### [Task directions]
An unchanged copy of all the lines below is expected, and it should contain no pictures.
** Opening Data excerpt block **
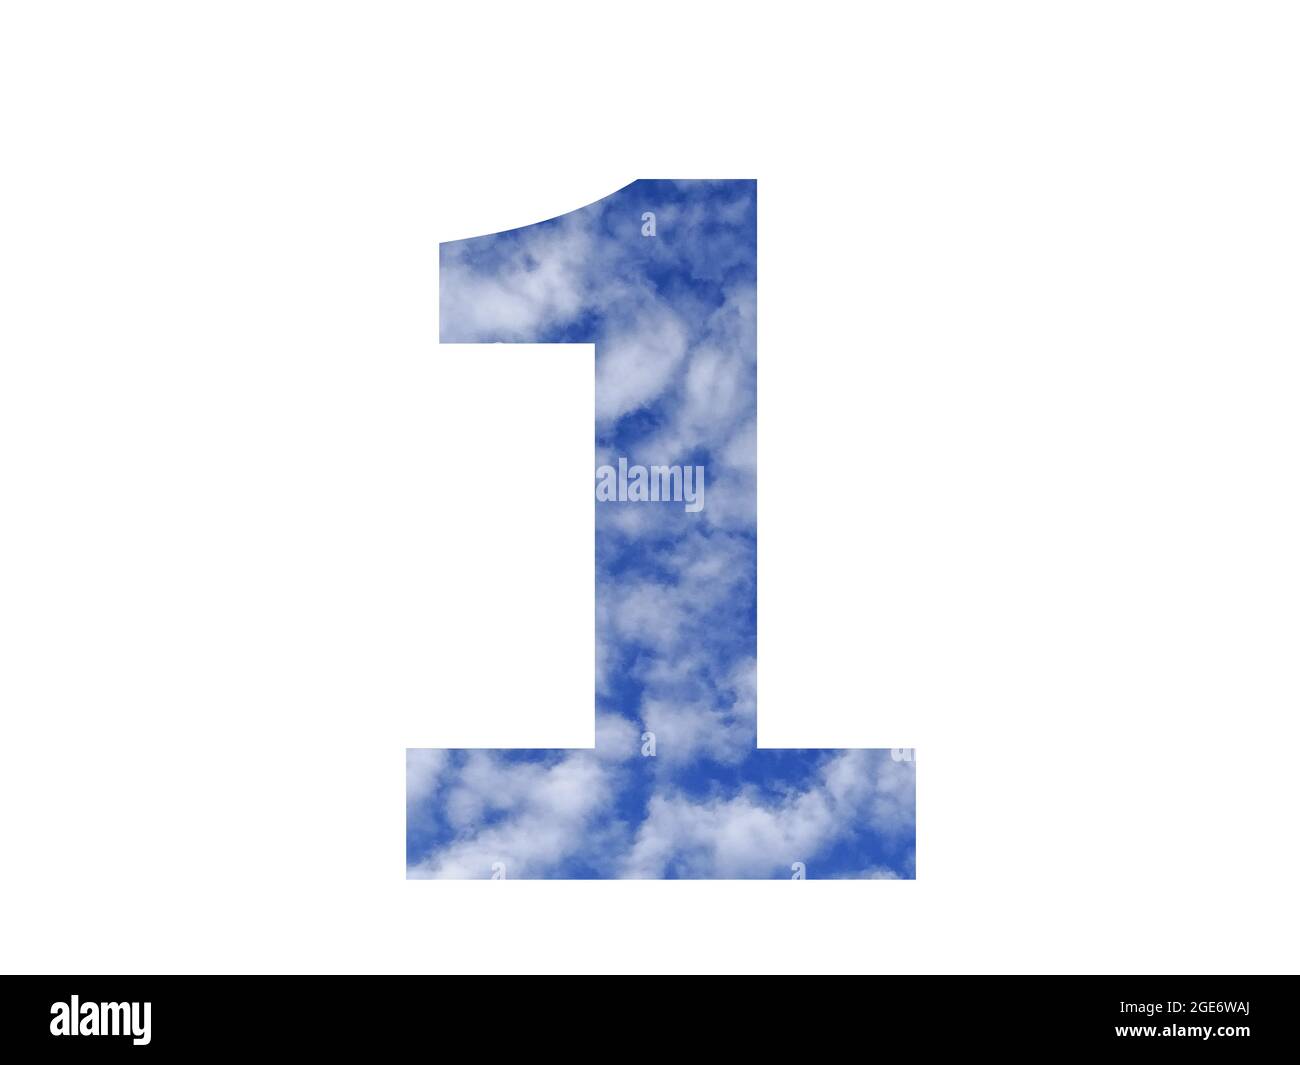 numero 1 dell'alfabeto fatto con cielo blu e nuvole bianche, isolato su sfondo bianco Foto Stock
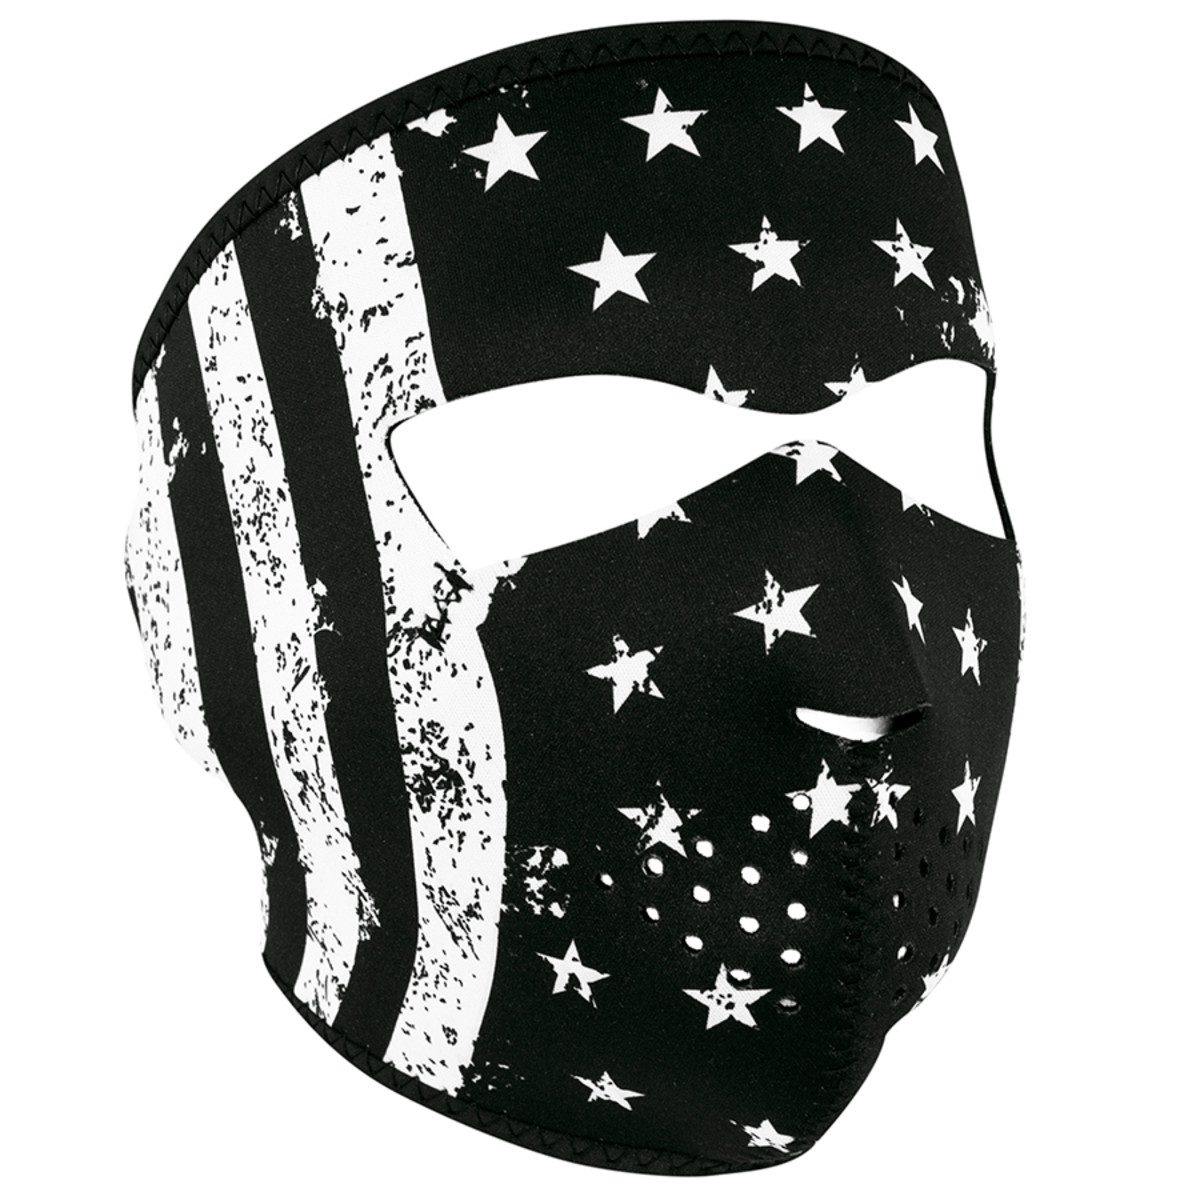 Zan Headgear Neoprene Full Face Mask - Black and White Flag
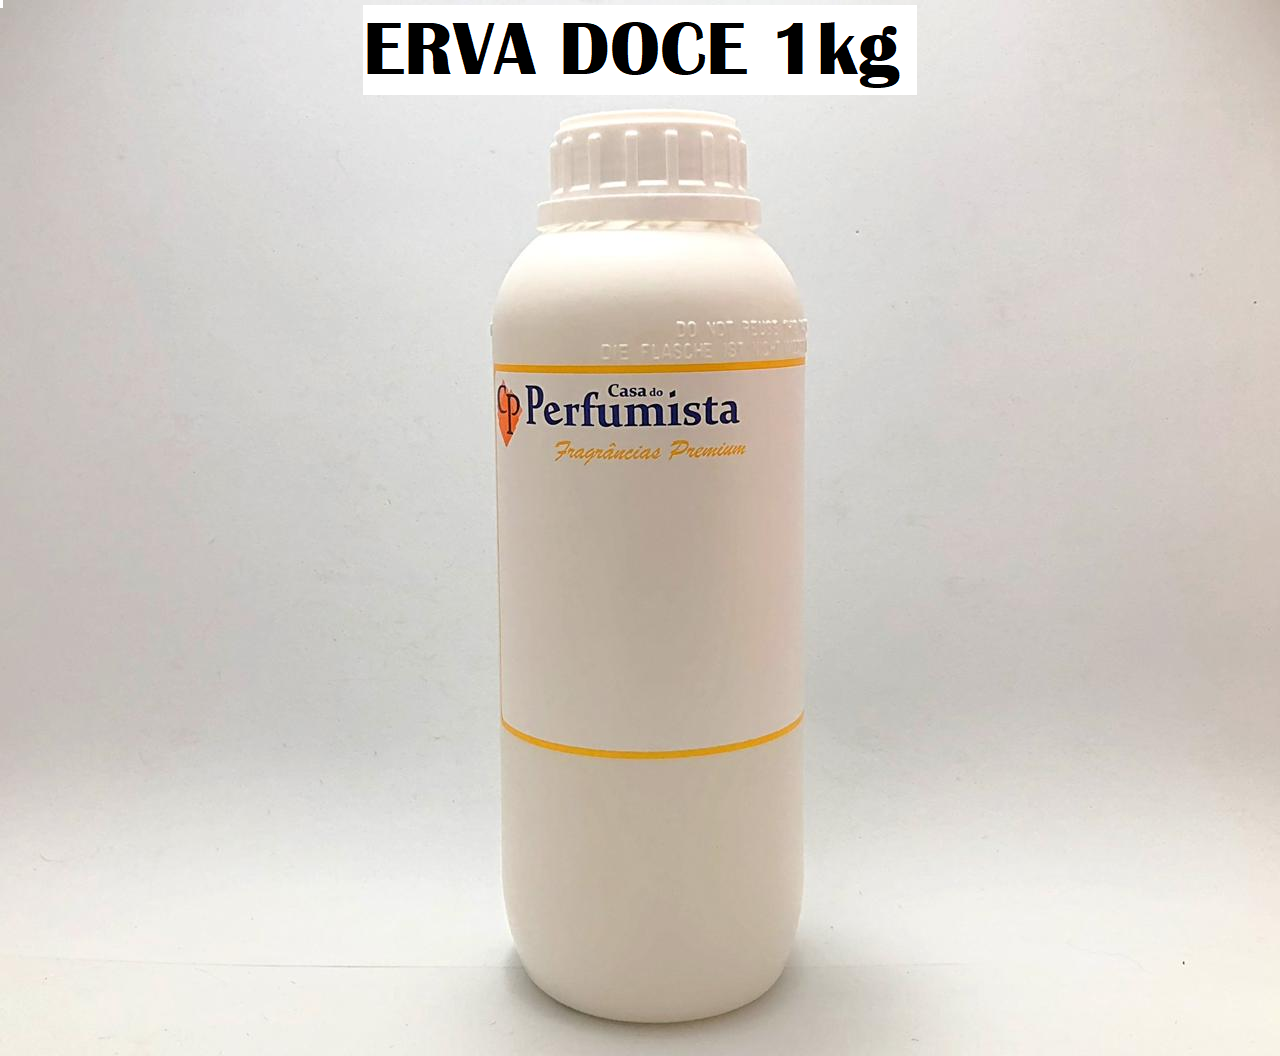 ERVA DOCE - 1kg
** Closing Data excerpt block **
### [Answer section]
 numero 1 dell'alfabeto fatto con cielo blu e nuvole bianche, isolato su sfondo bianco Foto Stock
 Zan Headgear Neoprene Full Face Mask - Black and White Flag
 ERVA DOCE - 1kg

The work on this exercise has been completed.